“女芸人マニア”として知られているお笑いコンビ「馬鹿よ貴方は」の新道竜巳が、これから“馬鹿売れ”しそうな女芸人を紹介するこの連載。今回は、13日に決勝戦が行われる女芸人No.1決定戦「THE W 2025」で、新道が本命に推す女性ピン芸人を紹介する。いよいよ“無冠の帝王”を返上する時が来た!
紺野ぶるまさんは今や、“賞レースで最も活躍している女性ピン芸人”と言っても過言ではありません。それは結果だけを見ても明らかです。
ぶるまさんが賞レースで頭角を現したのは2017年のこと。ピン芸人日本一決定戦「R―1グランプリ」で初めて準決勝進出したかと思えば、復活ステージを勝ち上がって決勝進出。さらに同年暮れには初めて開催された「THE W」でも決勝に勝ち上がりました。17年以降の戦績は次の通りです。
【R―1】
2017年 決勝進出
2018年 決勝進出
2019年 準決勝
2020年 準決勝
2021年 準決勝
2022~23年 芸歴制限で不出場
2024年 準決勝
2025年 準決勝
【THE W】
2017年 決勝進出
2018年 決勝進出
2019年 決勝進出
2020年 準決勝
2021年 準決勝
2022年 2回戦
2023年 2回戦
2024年 準優勝
さらに漫才日本一決定戦「M―1グランプリ」にもルシファー吉岡とのユニット「ぶるファー吉岡」として出場し、21、22年に準々決勝まで進出しています。
「THE W」で見ると22、23年は2回戦で敗退しましたが、賞レースに毎年出るのも並大抵のことではありません。そのうえ、ぶるまさんは22年に出産をしている。普通なら休んで当然ですが、それでも賞レースに出場する熱量は、選ばれた才能に応えているように見えます。
ぶるまさんの場合、17年にR―1、「THE W」で決勝進出しているので、その後は準決勝に進出しても下り坂に見えてしまう。実際に賞レースの時期になると、今までにない期待を寄せられ、プレッシャーからメンタルを壊す芸人さんも少なくありません。
さらにR―1では21~23年に「芸歴10年以内」という制限がありました。ぶるまさんは芸歴10年目だった21年は出場できましたが、22、23年は出場自体できなくなり、ネタをやる目的を見失ってもおかしくない状況でした。
しかし“賞レース戦闘民族”とも呼ぶべきぶるまさんは「THE W」に出場するのはやめませんでした。20~23年は決勝に進出できず、心が折れてもおかしくない状況なのにネタを磨き続け、昨年は過去最高の準優勝という結果を残した。「すごい」としか言いようがありません。
そして今年の「THE W」では、予選でトップと思えるウケ方で決勝進出。私には「貫禄の横綱相撲」に見えました。「今年の主役」と思わせるような爆笑でしたので、決勝戦では本命に推したいと思います。

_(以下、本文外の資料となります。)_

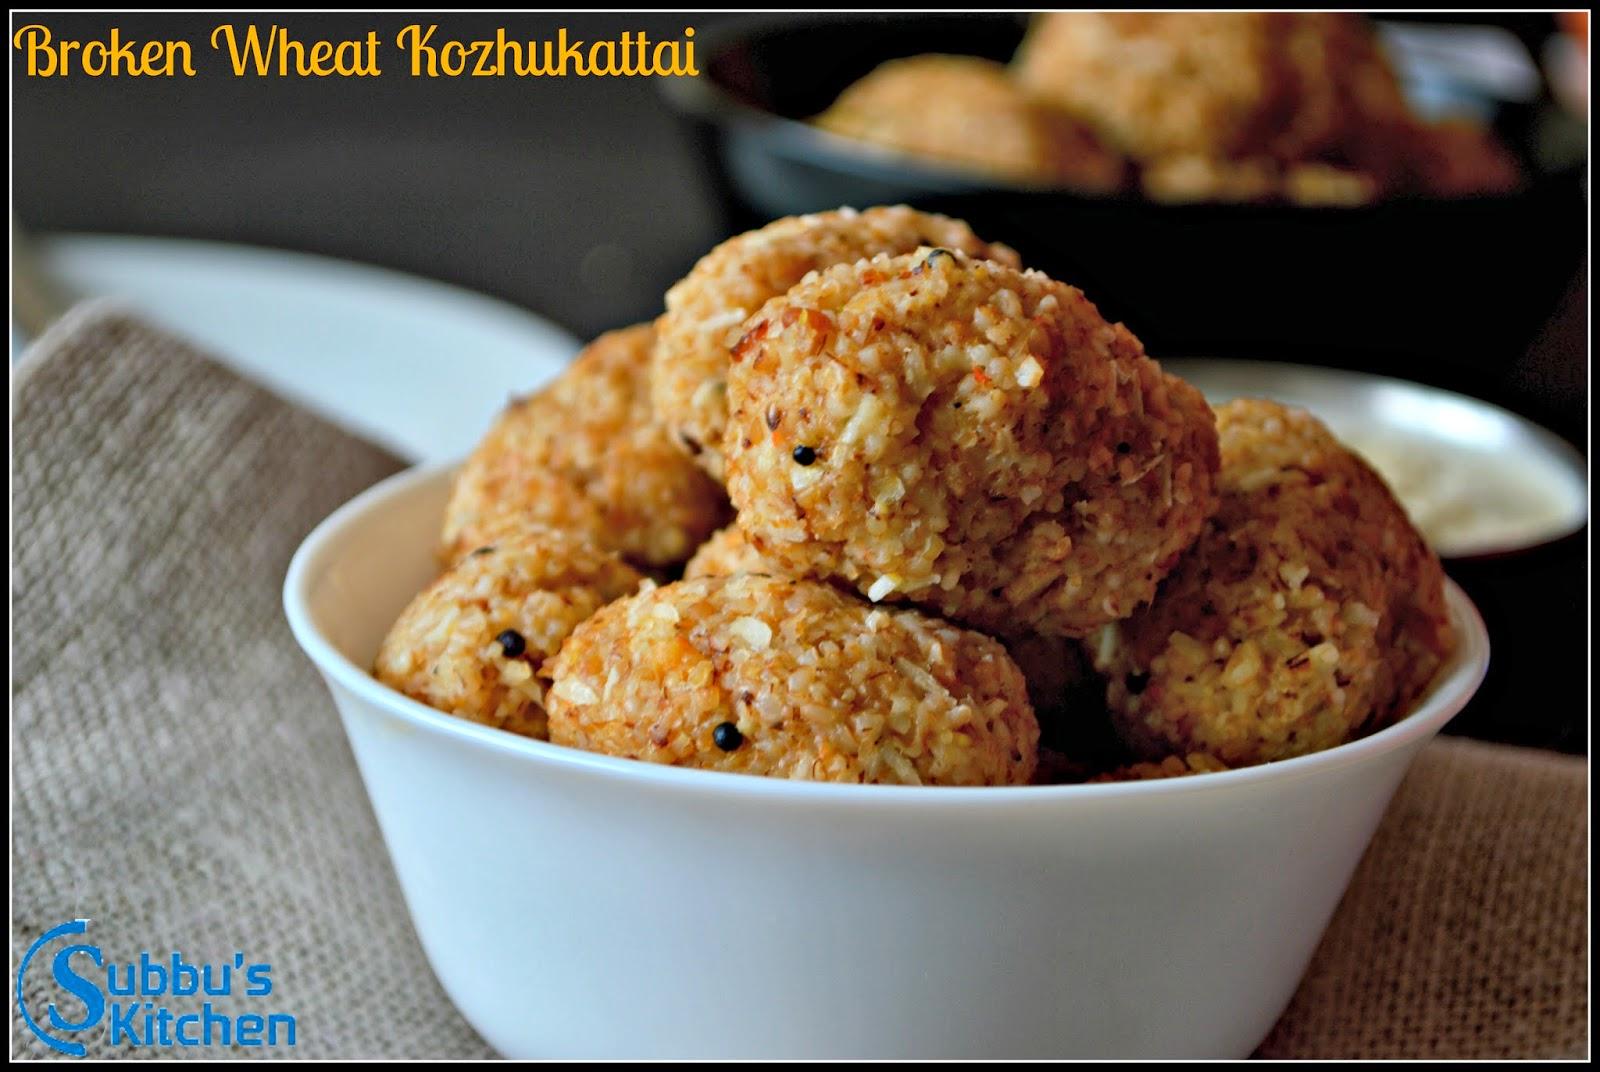 Broken Wheat Upma Kozhukattai | Samba Godhumai Rava Upma Kozhukattai

ぶるまさんのネタの特長は、漫才師のようにニンが乗っかっていることです。1人コントでも珍しいタイプと言えるでしょう。
コントはネタの中の役を演じるので、ネタによっては全く違うキャラを演じることになるのですが、ぶるまさんのネタは見た目からくる的確な配役だけでなく、言っているセリフが「絶対本音なんだろうな」と思わせる等身大の言葉選び。すべてのネタに共通するブレてない人間力が武器になっているように思います。
その結果、お客さんがついていきやすく「待ってました」と思わせるだけの軸がある。ネタによって人間の極端な変化がない分、連載読み切り漫画のようなワクワク感がある。今回はどんな設定で紺野ぶるまは立ち回るのか? そんなふうにお客さんに思わせる。だから安定して爆笑を取り続けることができるのでしょう。

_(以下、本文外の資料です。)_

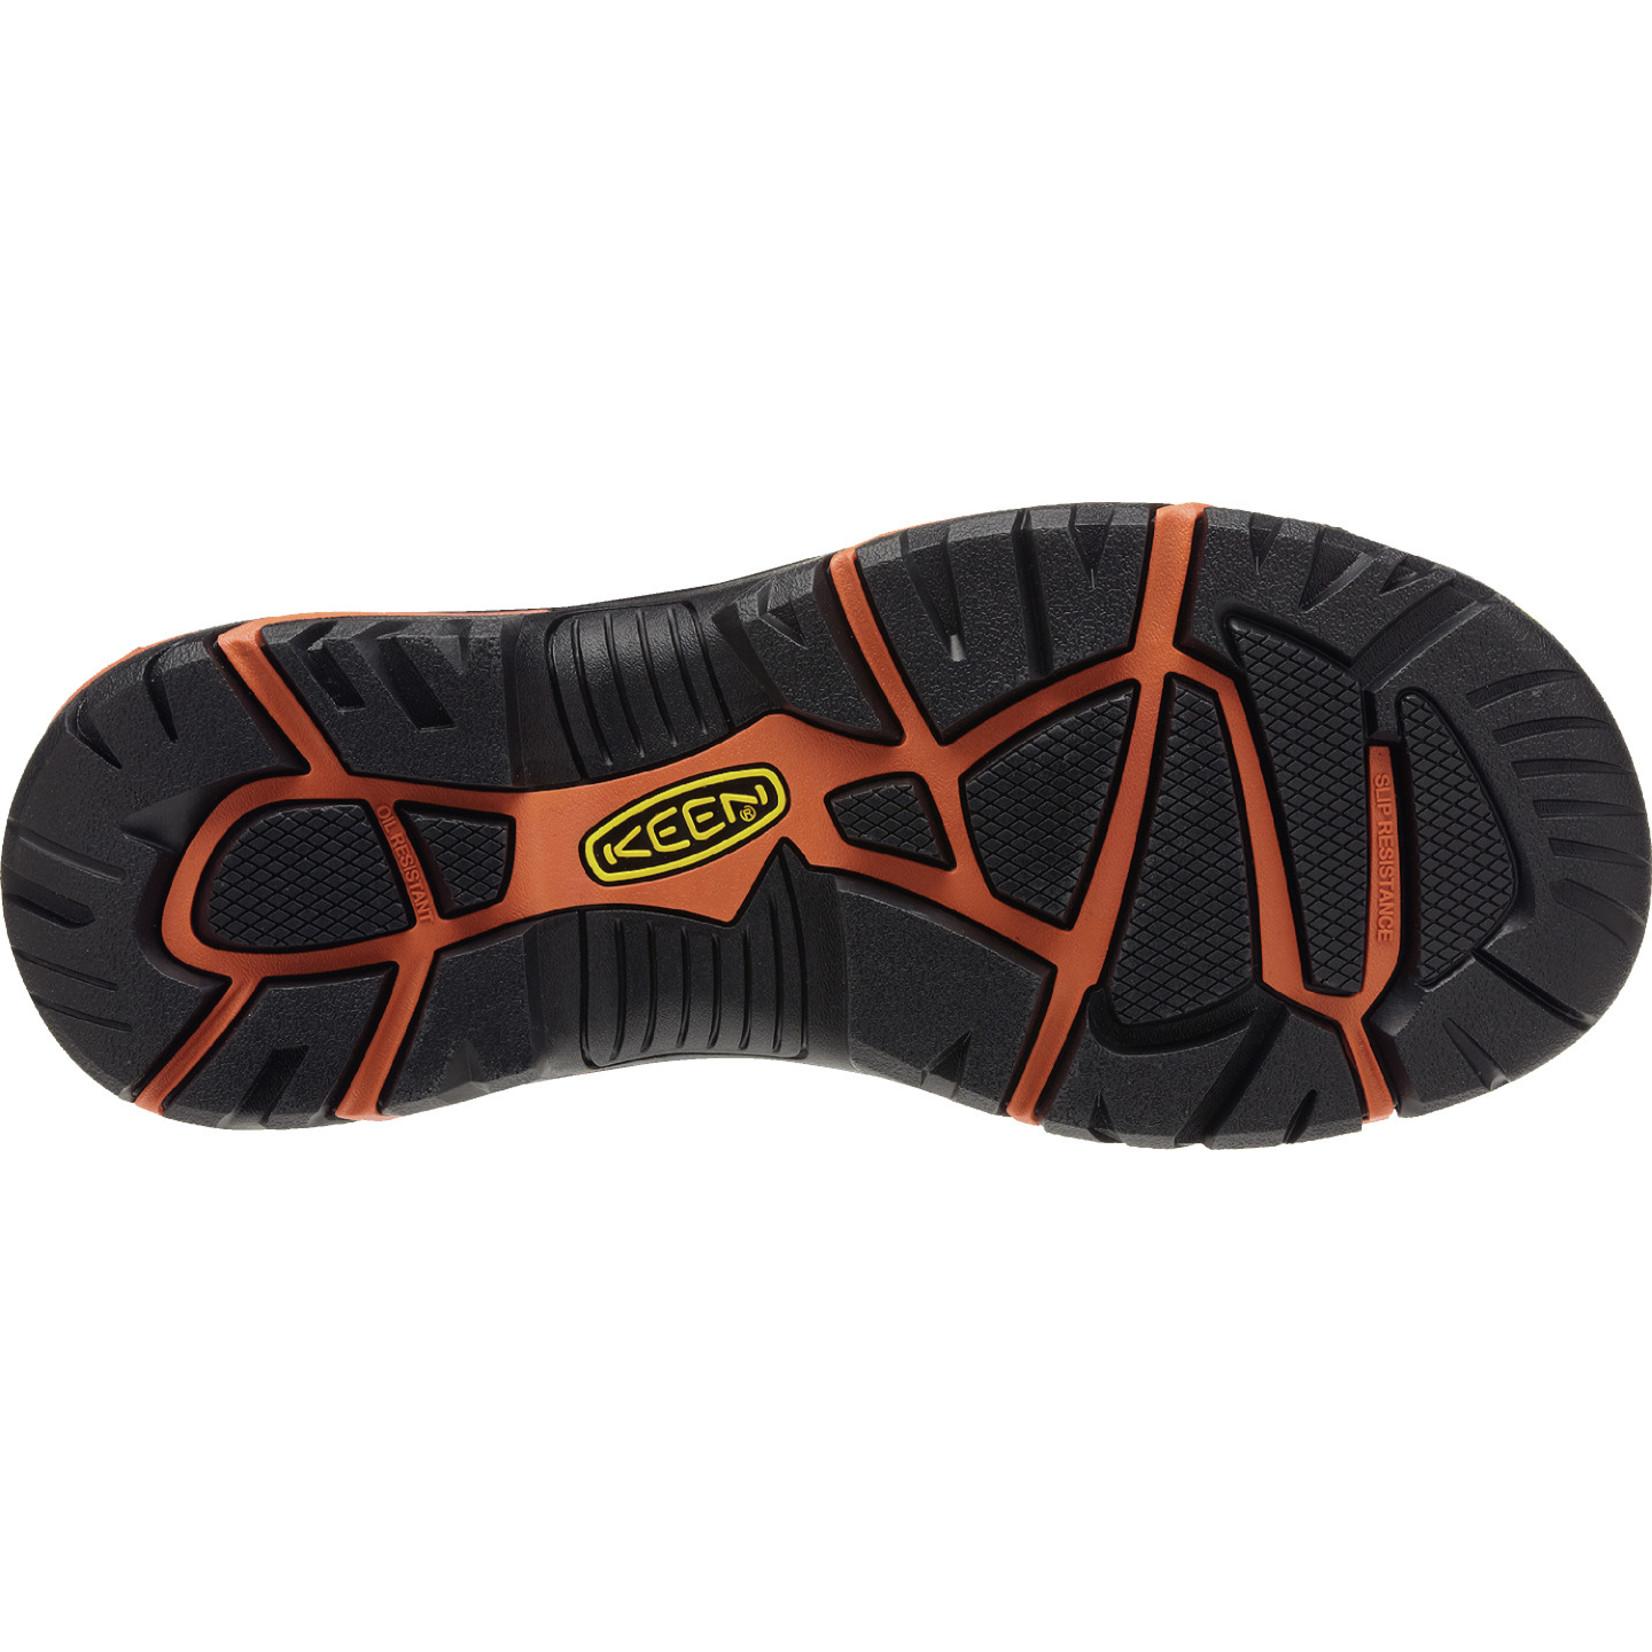 Keen Men's Keen Steel Toe Braddock Low Black/Bossa Nova 1011244

今年の「THE W」決勝は13日に行われます。決勝にはぶるまさんのほか、ニッチェ、エルフ、とんでもあや、電気ジュース、パンツ万博、もめんと、ヤメピが進出。強豪揃いですが、10年近く賞レースで活躍してきた“無冠の帝王”紺野ぶるまさんが初めてのタイトルを手にする瞬間が見られるのではないでしょうか。
☆しんどう・たつみ 1977年4月15日生まれ、千葉県出身、本名・濱島英治郎。平井“ファラオ”光と組む「馬鹿よ貴方は」として「THE MANZAI」「M―1グランプリ」で決勝進出を果たした実力派。緻密なネタ作りに定評がある一方、女芸人No.1決定戦「THE W」では、予選会場に足しげく通い、ほとんどの出場者のネタを見るほどの“女芸人マニア”。